Additional fields (like expected, expectedTools) are passed through to scorers.

Lifecycle Hooks

Use beforeEach and afterEach for setup and teardown:

describeEval("agent with database", {
  beforeEach: async () => {
    await db.seed();
  },
  afterEach: async () => {
    await db.clean();
  },
  data: async () => [{ input: "Find recent errors" }],
  task: myAgentTask,
  scorers: [async ({ output }) => ({ score: output.includes("error") ? 1.0 : 0.0 })],
});

Scorers

Scorers evaluate outputs and return a score (0-1). Use built-in scorers or create your own.

ToolCallScorer

Evaluates if the expected tools were called with correct arguments.

import { ToolCallScorer } from "vitest-evals";

describeEval("tool usage", {
  data: async () => [
    {
      input: "Find Italian restaurants",
      expectedTools: [
        { name: "search", arguments: { type: "restaurant" } },
        { name: "filter", arguments: { cuisine: "italian" } },
      ],
    },
  ],
  task: myTask,
  scorers: [ToolCallScorer()],
});

// Strict order and parameters
scorers: [ToolCallScorer({ ordered: true, params: "strict" })];

// Flexible evaluation
scorers: [ToolCallScorer({ requireAll: false, allowExtras: false })];

Default behavior:

  • Strict parameter matching (exact equality required)
  • Any order allowed
  • Extra tools allowed
  • All expected tools required

StructuredOutputScorer

Evaluates if the output matches expected structured data (JSON).

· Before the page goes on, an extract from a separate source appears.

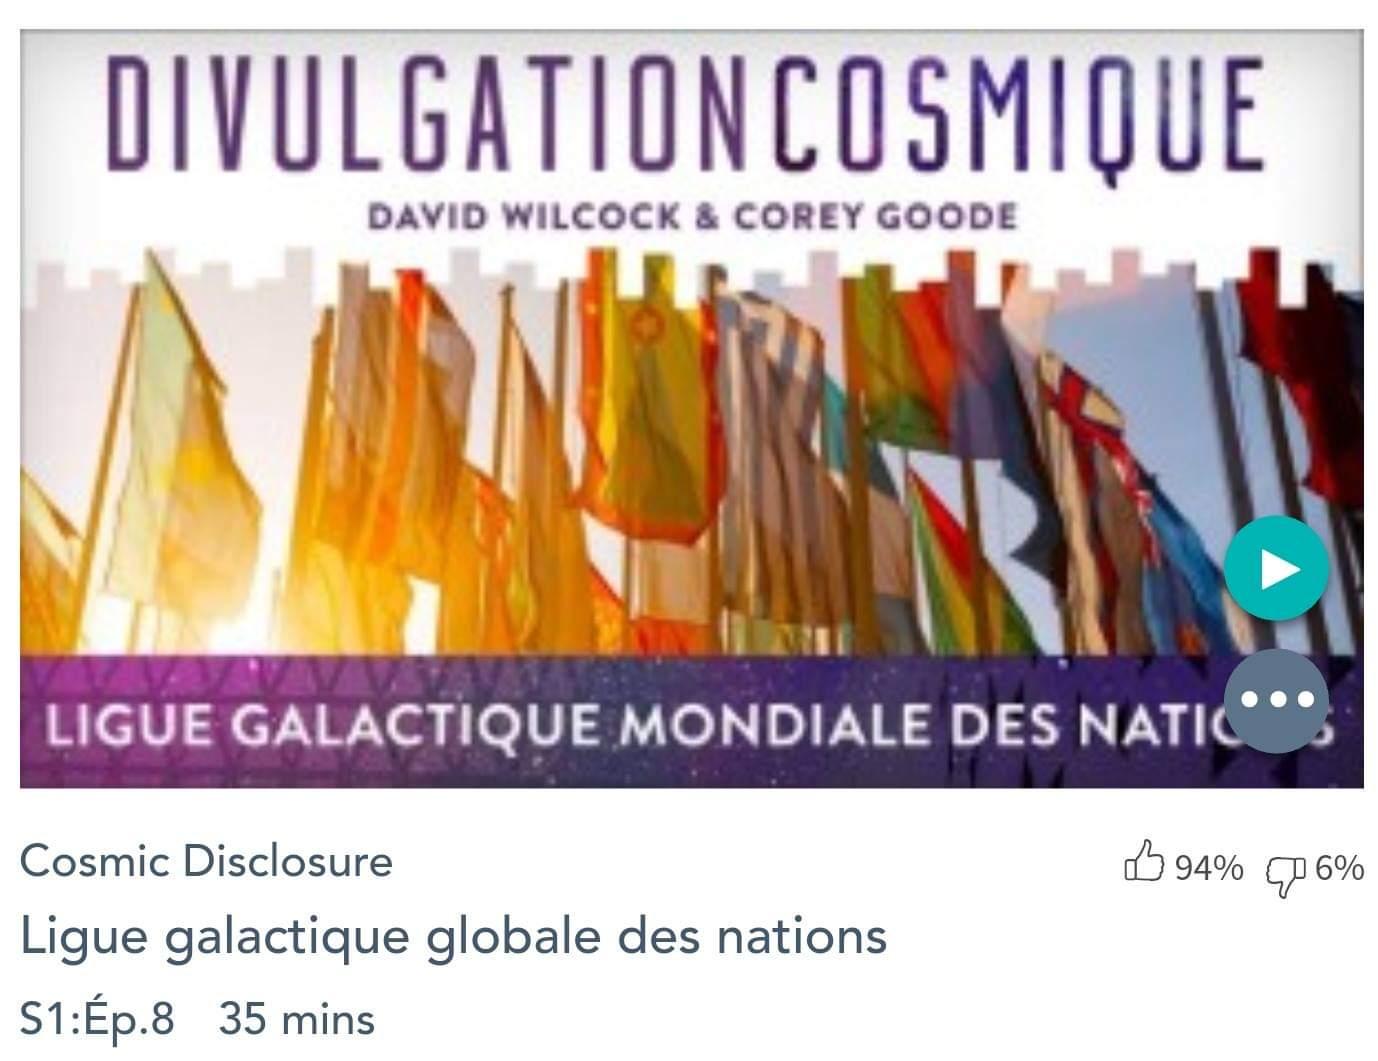 Émission « DIVULGATION COSMIQUE», l'intégrale. Saison 1, épisode 8/14 : LA LIGUE GALACTIQUE MONDIALE DES NATIONS

import { StructuredOutputScorer } from "vitest-evals";

describeEval("query generation", {
  data: async () => [
    {
      input: "Show me errors from today",
      expected: {
        dataset: "errors",
        query: "",
        sort: "-timestamp",
        timeRange: { statsPeriod: "24h" },
      },
    },
  ],
  task: myTask,
  scorers: [StructuredOutputScorer()],
});

// Fuzzy matching
scorers: [StructuredOutputScorer({ match: "fuzzy" })];

// Custom validation
scorers: [
  StructuredOutputScorer({
    match: (expected, actual, key) => {
      if (key === "age") return actual >= 18 && actual <= 100;
      return expected === actual;
    },
  }),
];

Custom Scorers

// Inline scorer
const LengthScorer = async ({ output }) => ({
  score: output.length > 50 ? 1.0 : 0.0,
});

// TypeScript scorer with custom options
import { type ScoreFn, type BaseScorerOptions } from "vitest-evals";

interface CustomOptions extends BaseScorerOptions {
  minLength: number;
}

const TypedScorer: ScoreFn<CustomOptions> = async (opts) => ({
  score: opts.output.length >= opts.minLength ? 1.0 : 0.0,
});

AI SDK Integration

See src/ai-sdk-integration.test.ts for a complete example with the Vercel AI SDK.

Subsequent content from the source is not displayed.